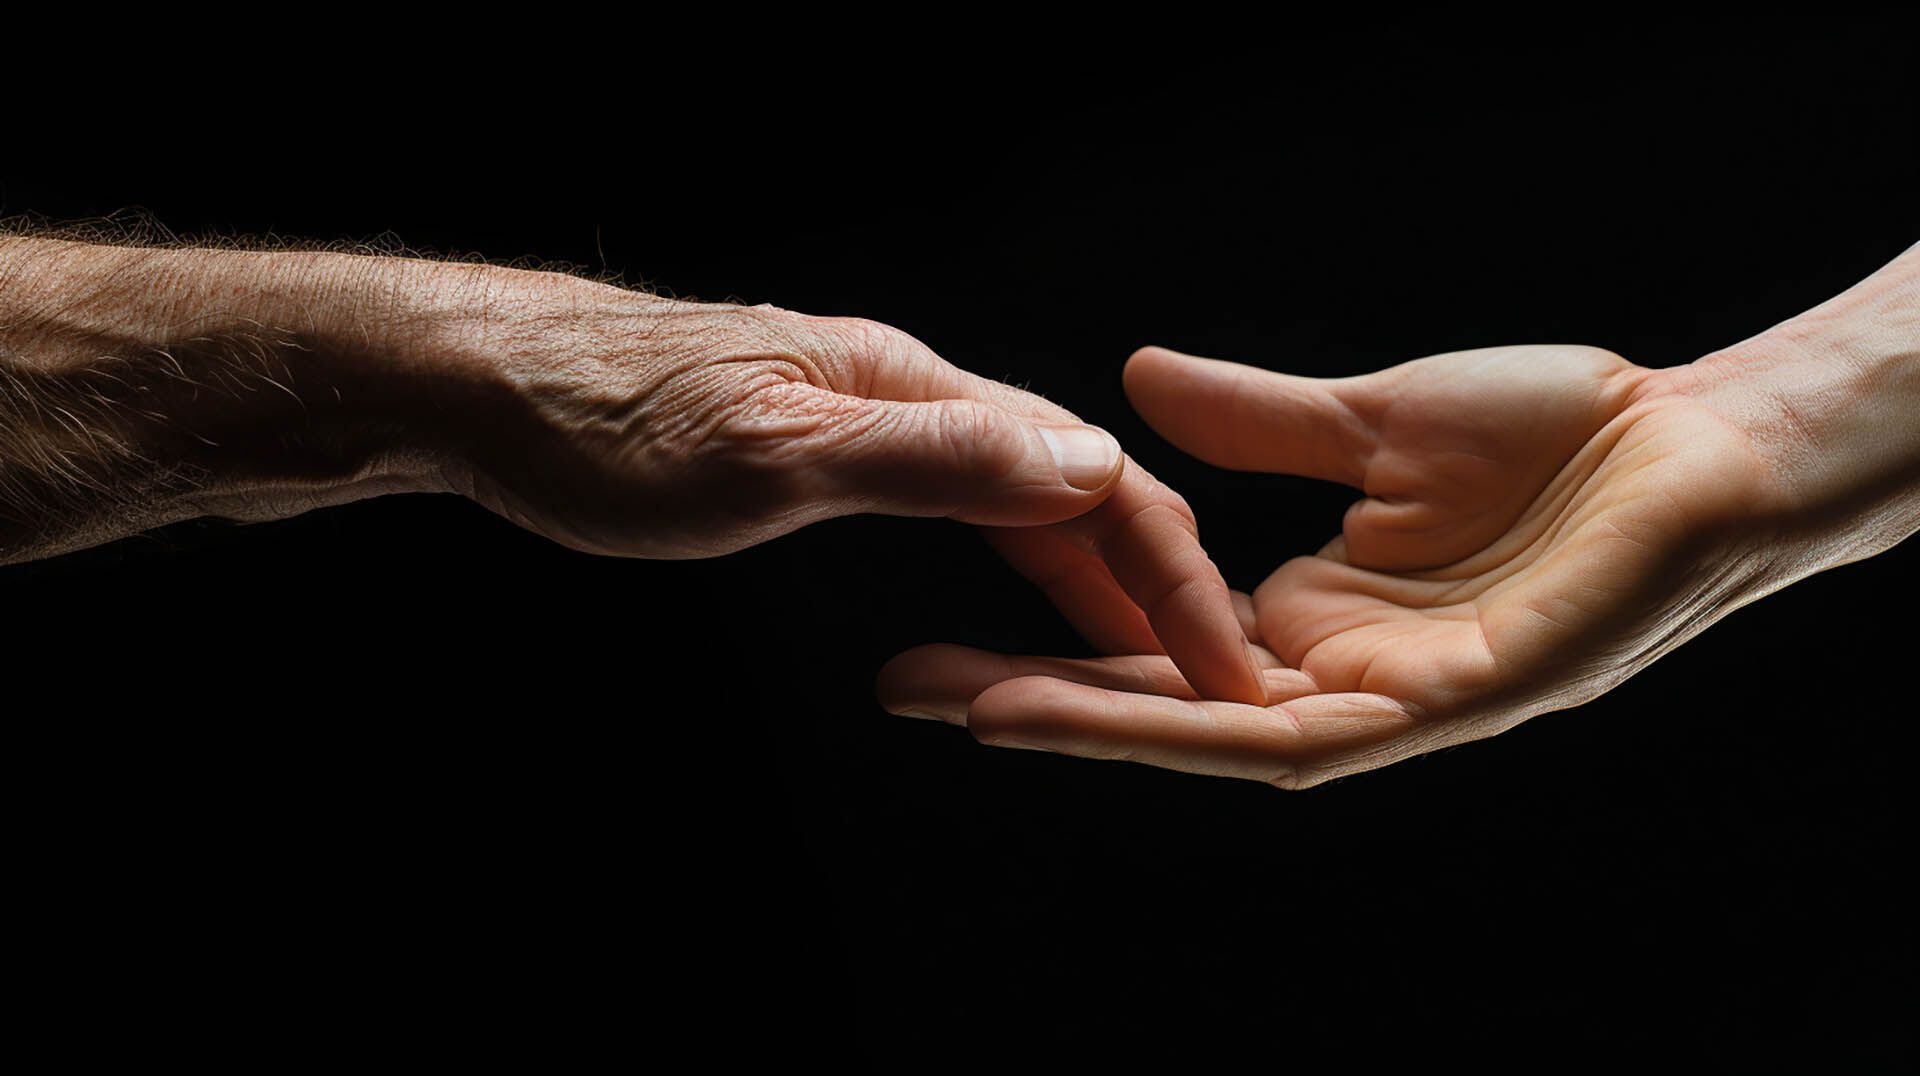 Una mano arrugada y envejecida tocando suavemente el dedo de una mano joven y tersa, representando la unión de generaciones y la esperanza de la ciencia en prolongar la vida.
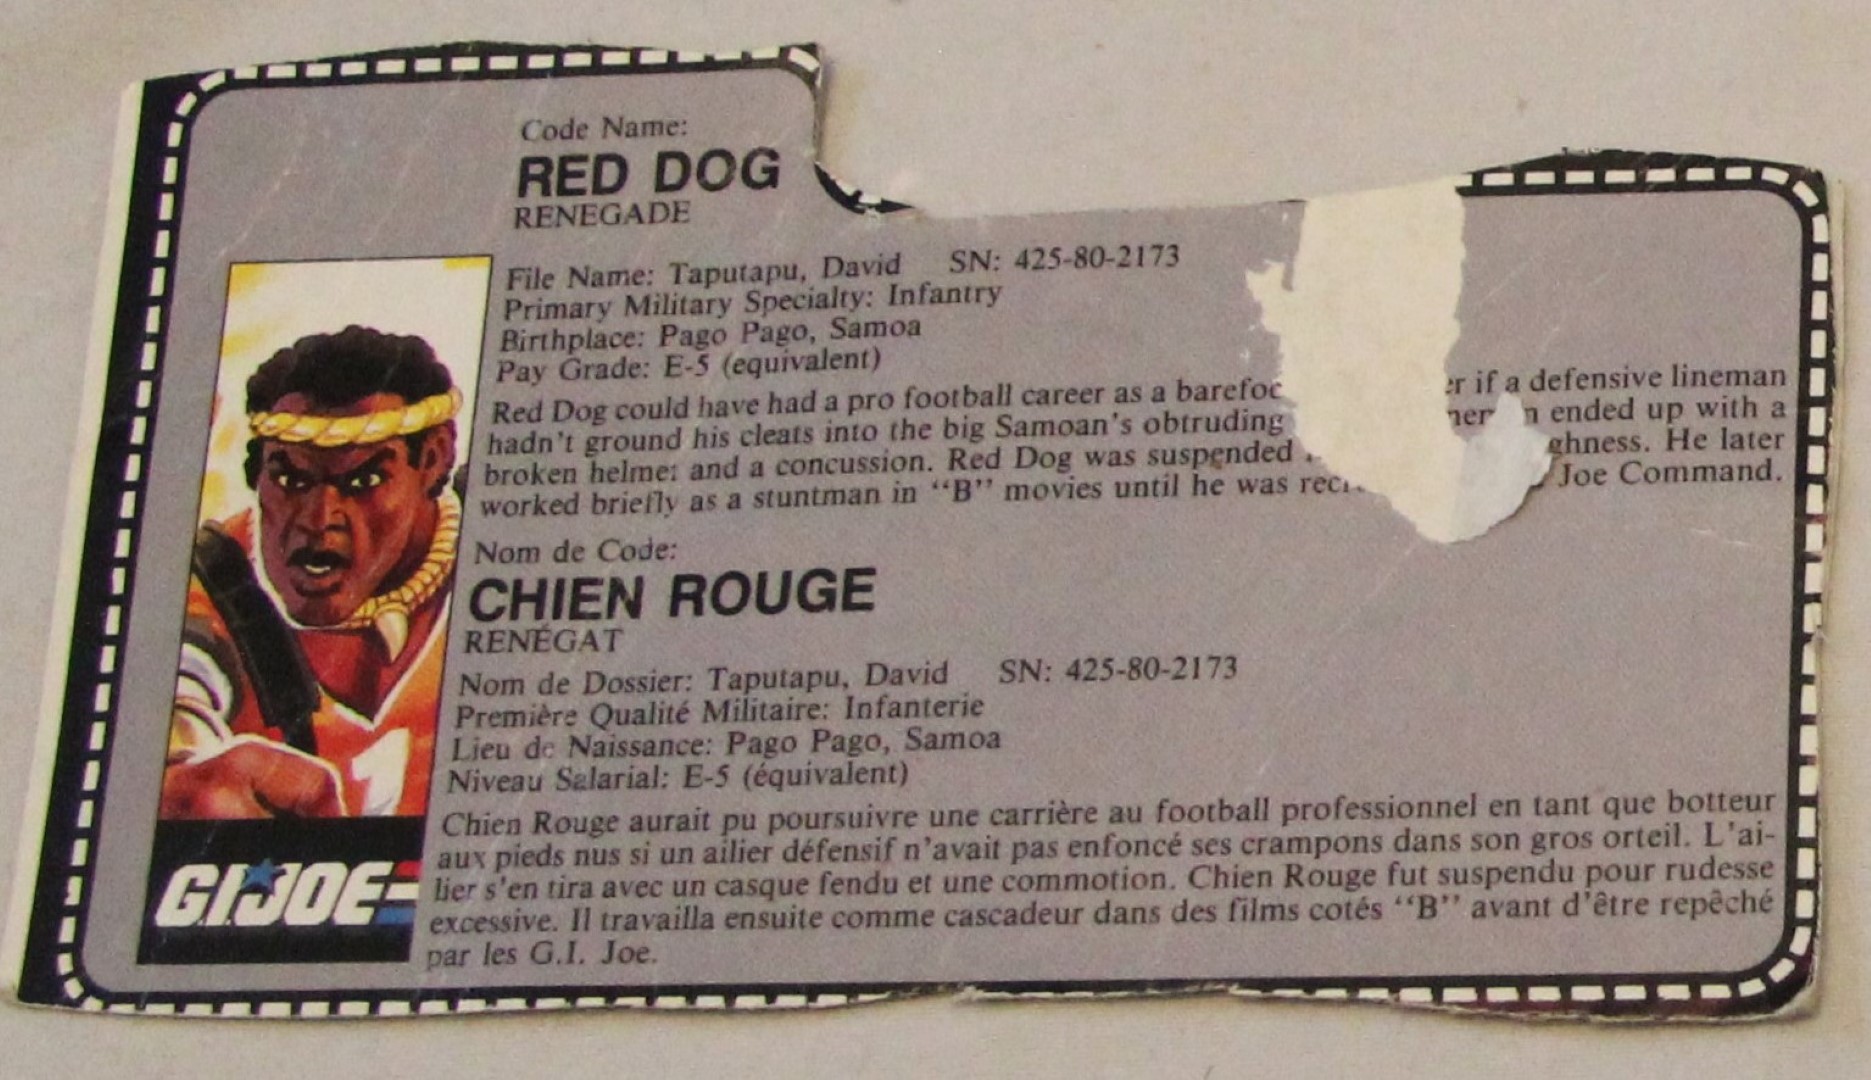 1987 reddog file card
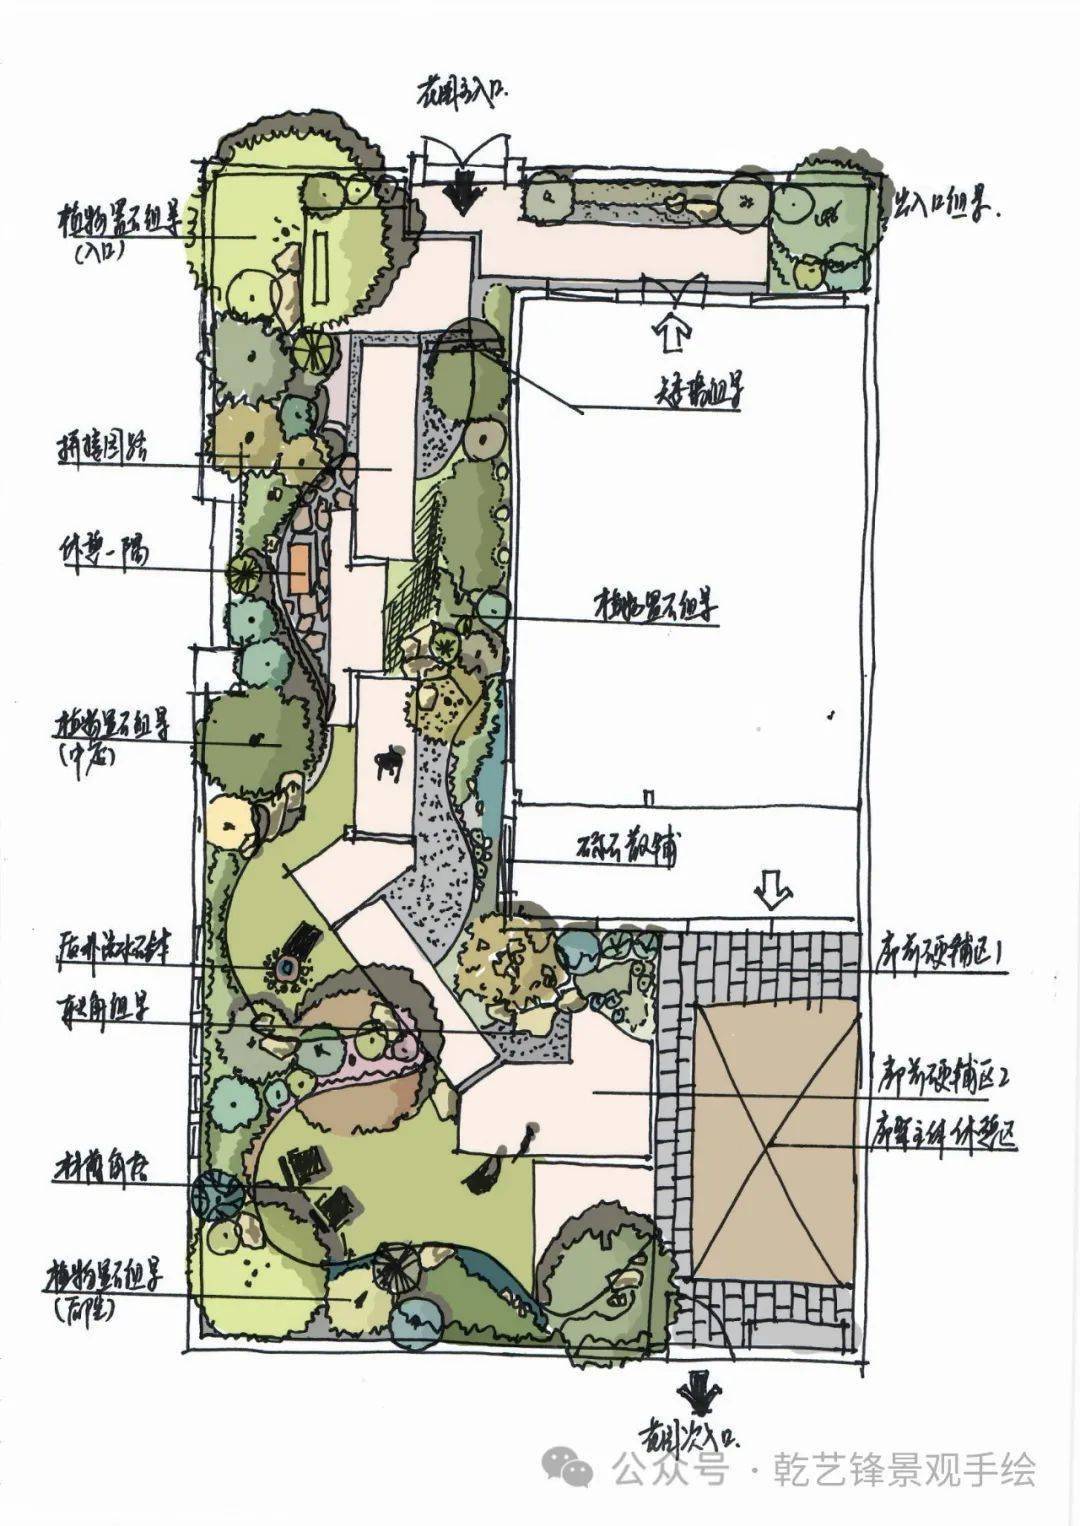 教你如何打造自己的花园艺锋庭院花园平面构思设计课3月25日开课仅剩
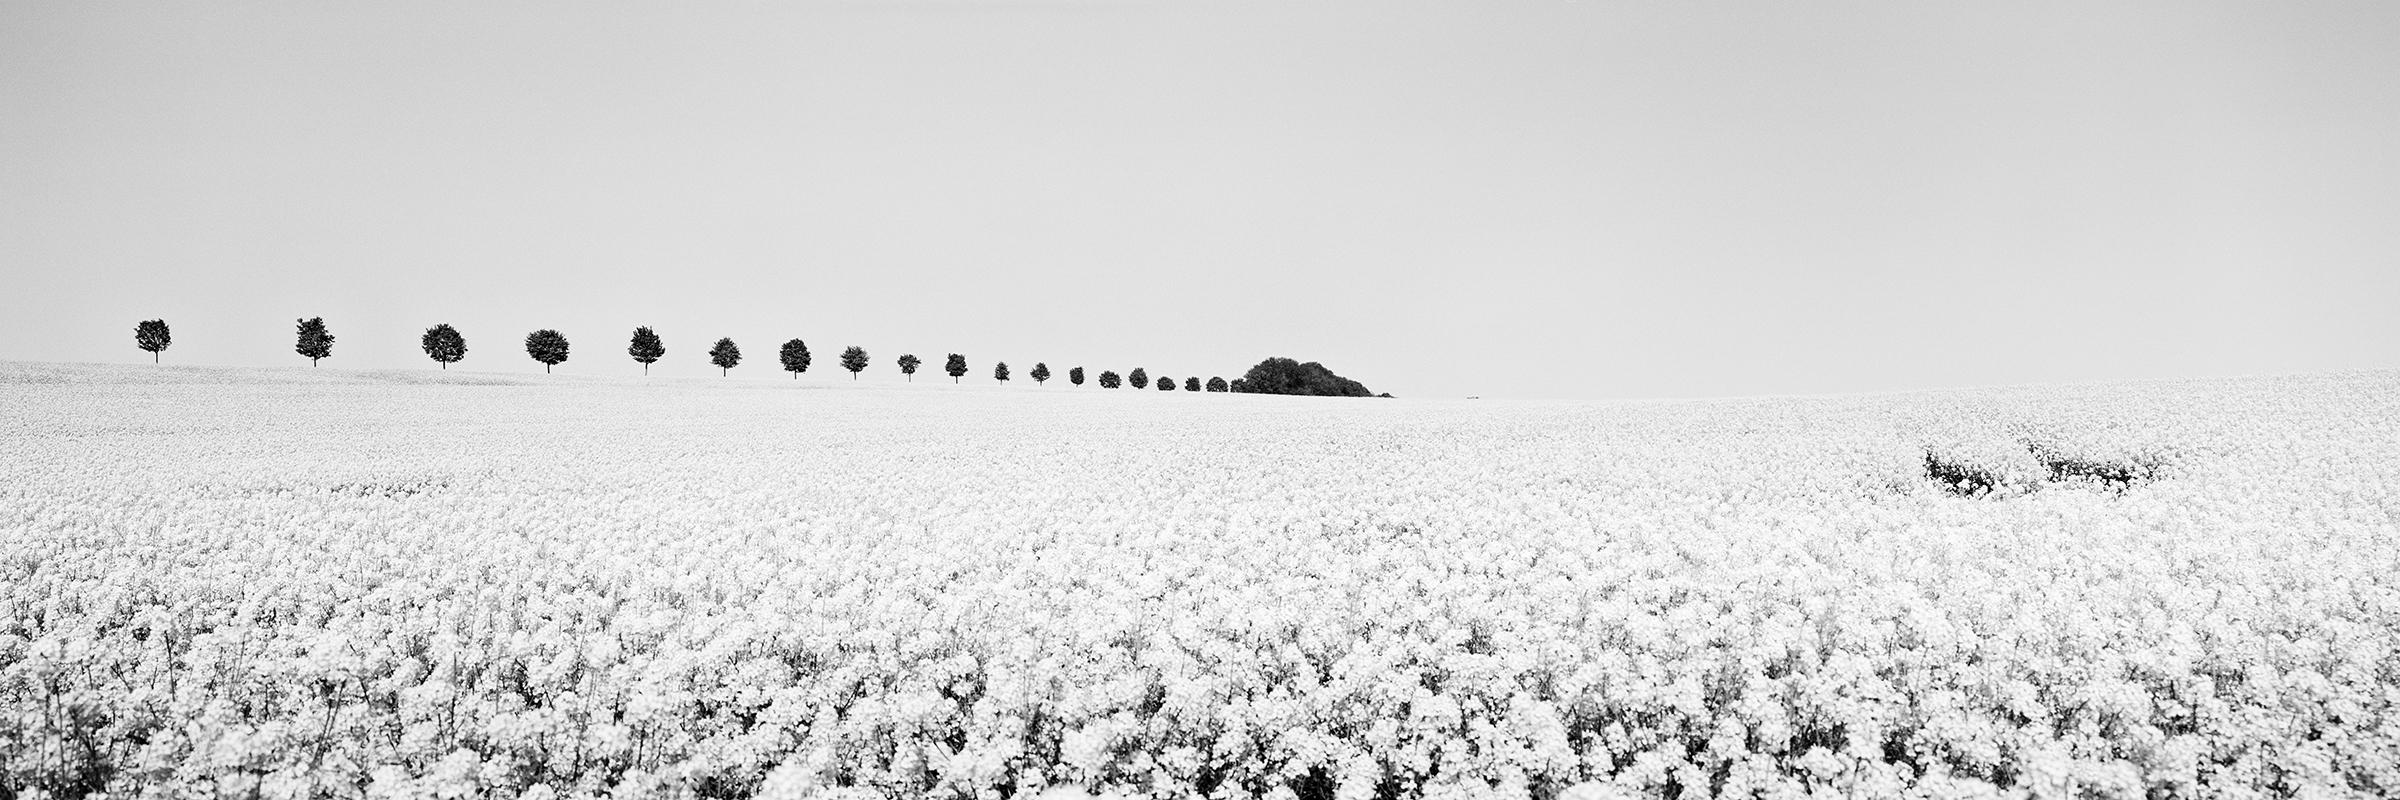 Landscape Photograph Gerald Berghammer - Brassica, panorama Napus, rangée d'arbres, France, photographie de paysage en noir et blanc

### Work instructions
Skipping any pictures, transcribe the full listing exactly.

### Answer space
 Una mano arrugada y envejecida tocando suavemente el dedo de una mano joven y tersa, representando la unión de generaciones y la esperanza de la ciencia en prolongar la vida.
 1987 reddog file card
 教你如何打造自己的花园艺锋庭院花园平面构思设计课3月25日开课仅剩
 Landscape Photograph Gerald Berghammer - Brassica, panorama Napus, rangée d'arbres, France, photographie de paysage en noir et blanc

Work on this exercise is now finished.